Helena Hubertina Johanna "Lenny" Kuhr (born 22 February 1950) is a Dutch singer-songwriter.

Career

In 1967, she started a singing career in the Netherlands, performing songs in the French chanson tradition. In 1969, she represented the Netherlands in the Eurovision Song Contest with her composition "De troubadour" (lyrics by David Hartsema; orchestra conducted by Franz de Kok). She was one of the four winners that year.

In the early seventies, Kuhr was more successful in France than in her home country. In 1970 she toured with Georges Brassens. Late 1971 she had a top 10 hit in France with "Jesus Christo". 
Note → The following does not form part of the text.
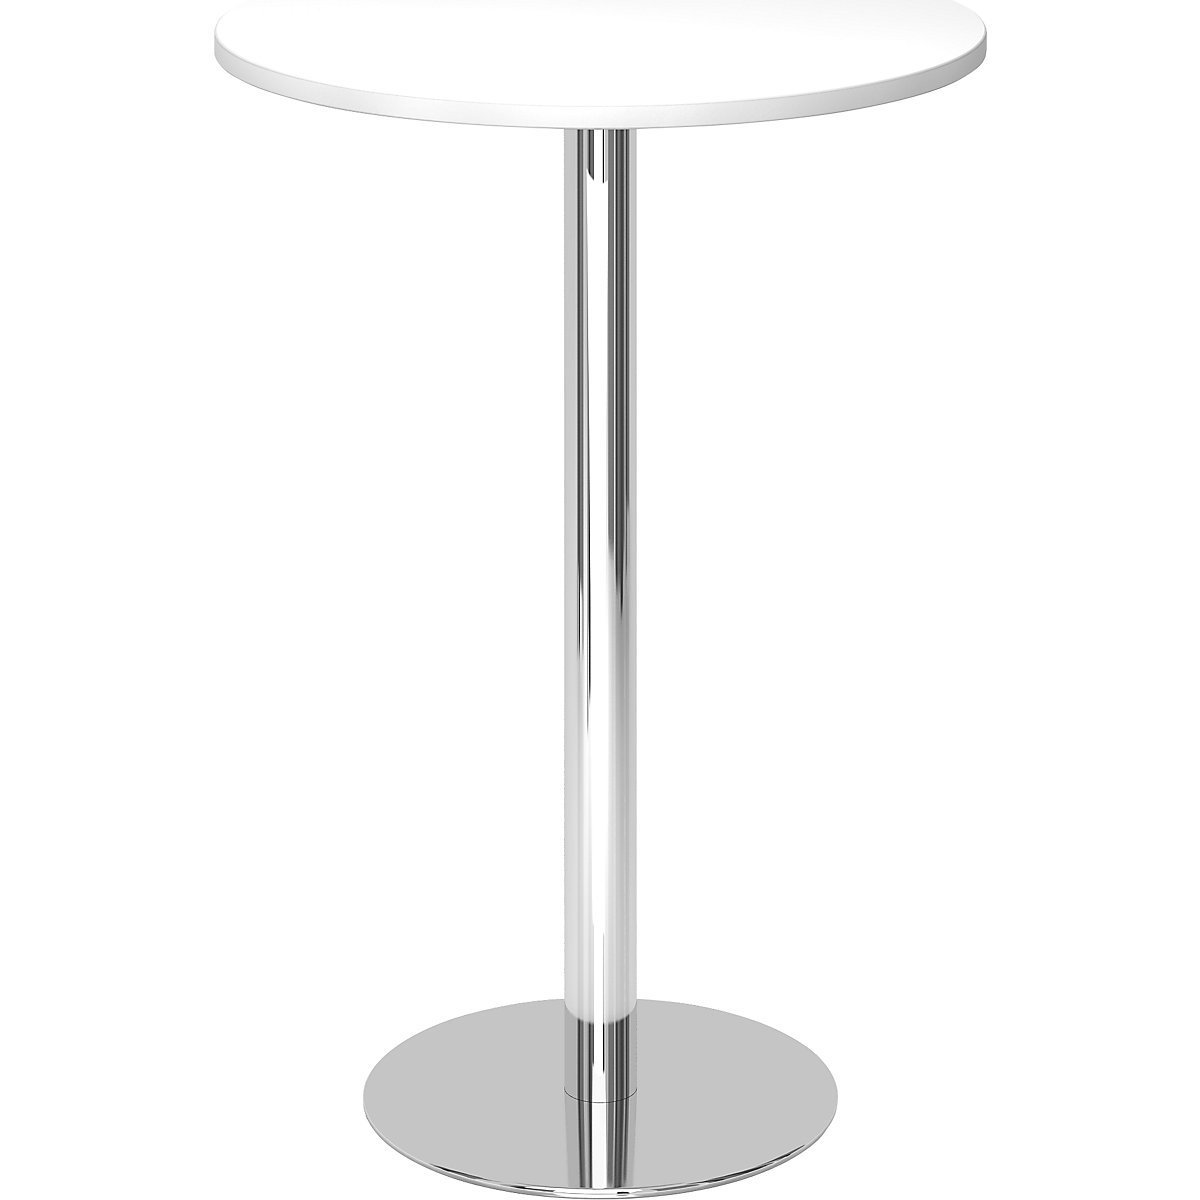 Állóasztal, Ø 800 mm, 1116 mm magas, krómozott váz, fehér asztallap
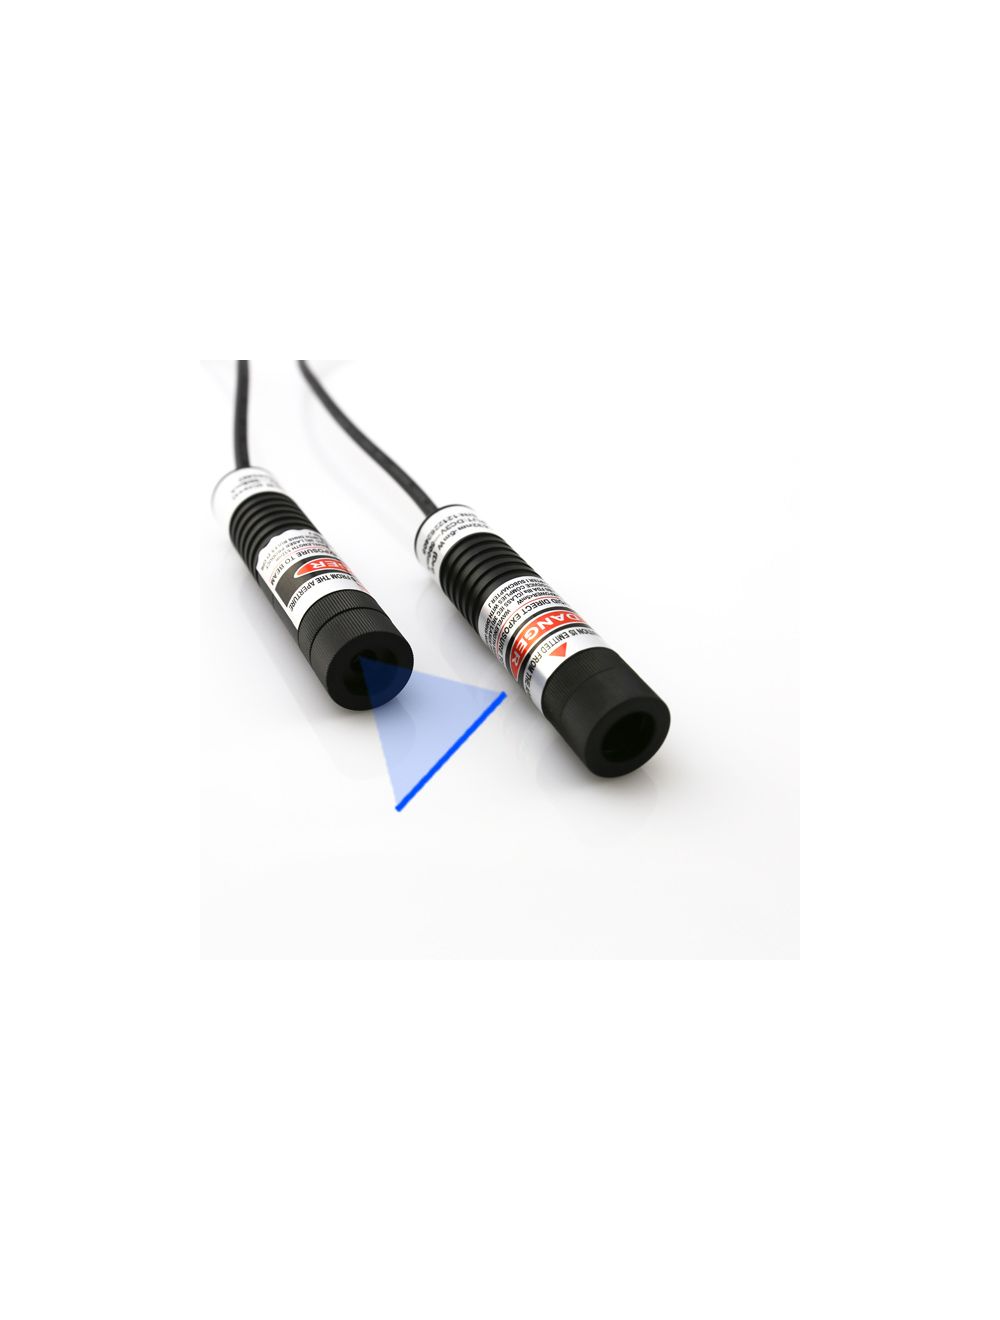 Uniform and Focusable 445nm Blue Line Laser Module, Blue Laser Line  Generators

In 1980, she had her biggest hit in the Netherlands: "Visite", a song she performed with the French group Les Poppys. She has been releasing records ever since, though without major chart success.

Lenny Kuhr was one of the artists who recorded the song "Shalom from Holland" (written by Simon Hammelburg and Ron Klipstein) as a token of solidarity to the Israeli people, threatened by missiles from Iraq, during the Gulf War in 1991.

Lenny Kuhr performed "De troubadour" during the interval of the Grand Final of the Eurovision Song Contest on Saturday 22 May 2021 in Rotterdam, in a segment called "Rock the Roof", together with other Eurovision winners.

Personal life
Kuhr's first marriage was in 1974 to an Israeli doctor, whom she met after she had her nose damaged in an attack in May 1973, in Haarlem. Her new husband repaired her nose and Kuhr converted to Judaism. She had two daughters with her first husband, one in 1975 and the second in 1980. She also lived in Israel for a while.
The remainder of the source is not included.